Question

A multiple-choice examination has 20 questions, each with five possible answers, only one of which is correct. Suppose that one of the students who takes the examination answers each of the questions with an independent random guess. What is the probability that he answers at least seventeen questions correctly? (Round your answer to three decimal places.)

Answer 1

Answer:

The probability that the student answers at least seventeen questions correctly is $8.03\times 10^{-10}$.

Step-by-step explanation:

Let the random variable X represent the number of correctly answered questions.

It is provided all the questions have five options with only one correct option.

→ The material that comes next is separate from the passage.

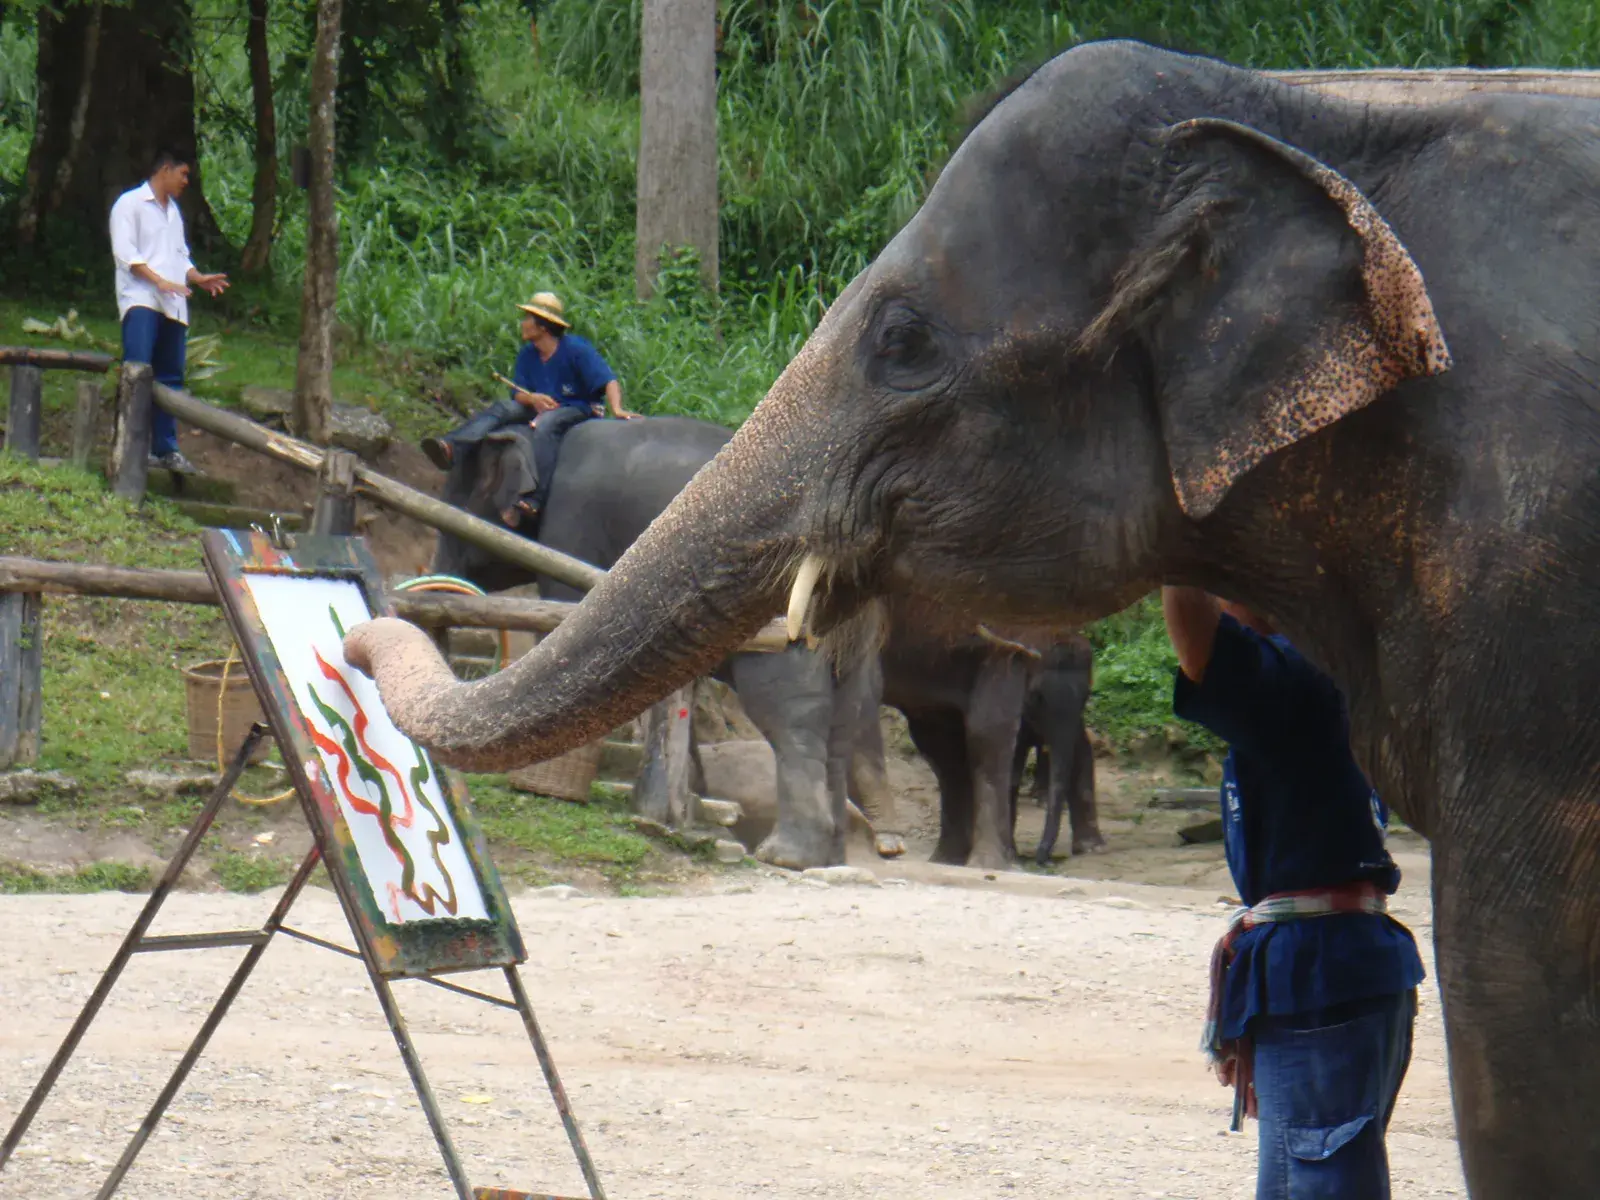 Do you think only humans can make art? What if animals like elephants could make art, too? If an elephant were painting, what things do you think it would depict? Would its painting be different from what a human would paint?
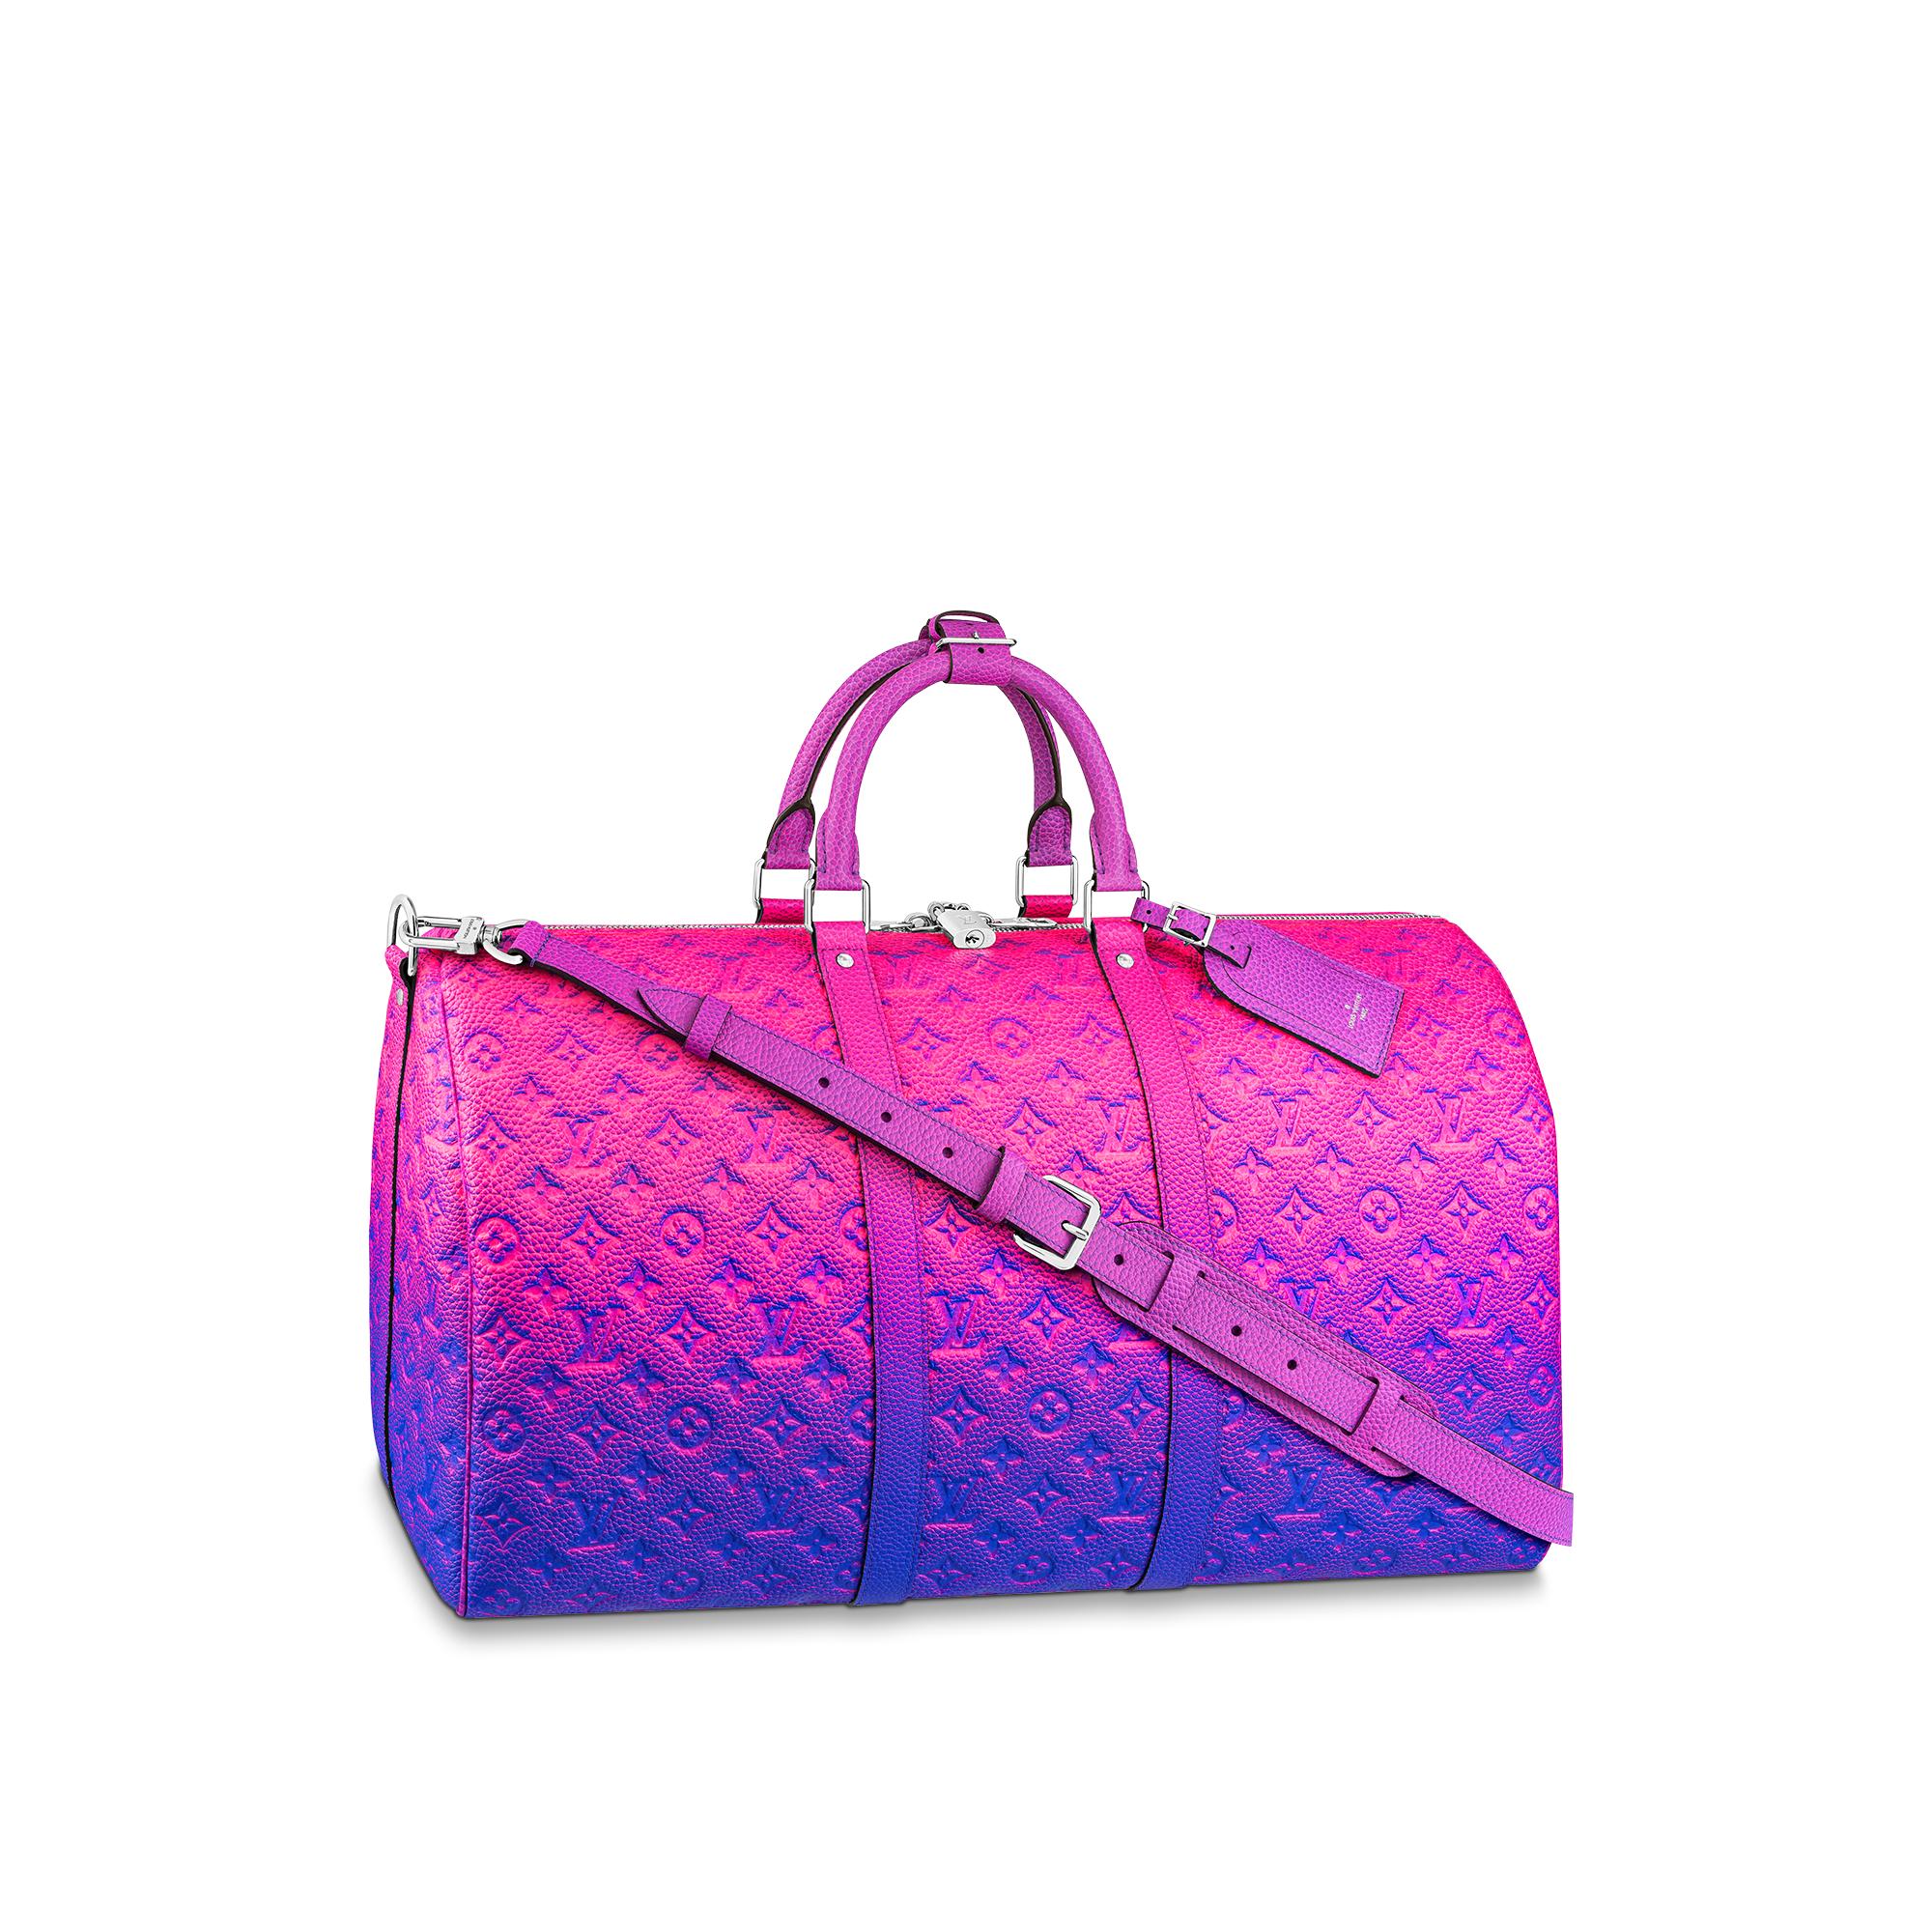 That Wild and Crazy Louis Vuitton Bags Sale in Tokyo! – The Bag

Then the probability of selecting the correct option is,

$P(X)=p=\frac{1}{5}=0.20$

There are n = 20 question in the exam.

It is also provided that a student taking the examination answers each of the questions with an independent random guess.

Then the random variable can be modeled by the Binomial distribution with parameters n = 20 and p = 0.20.

The probability mass function of X is:

$P(X=x)={20\choose x}\ 0.20^{x}\ (1-0.20)^{20-x};\ x =0,1,2,3...$

Compute the probability that the student answers at least seventeen questions correctly as follows:

$P(X\geq 17)=P (X=17)+P (X=18)+P (X=19)+P (X=20)$

$=\sum\limits^{20}_{x=17}{{20\choose x}\ 0.20^{x}\ (1-0.20)^{20-x}}\\\\=0.00000000077+0.000000000032+0.00000000000084+0.000000000000042\\\\=0.000000000802882\\\\=8.03\times10^{-10}$

Thus, the probability that the student answers at least seventeen questions correctly is $8.03\times 10^{-10}$.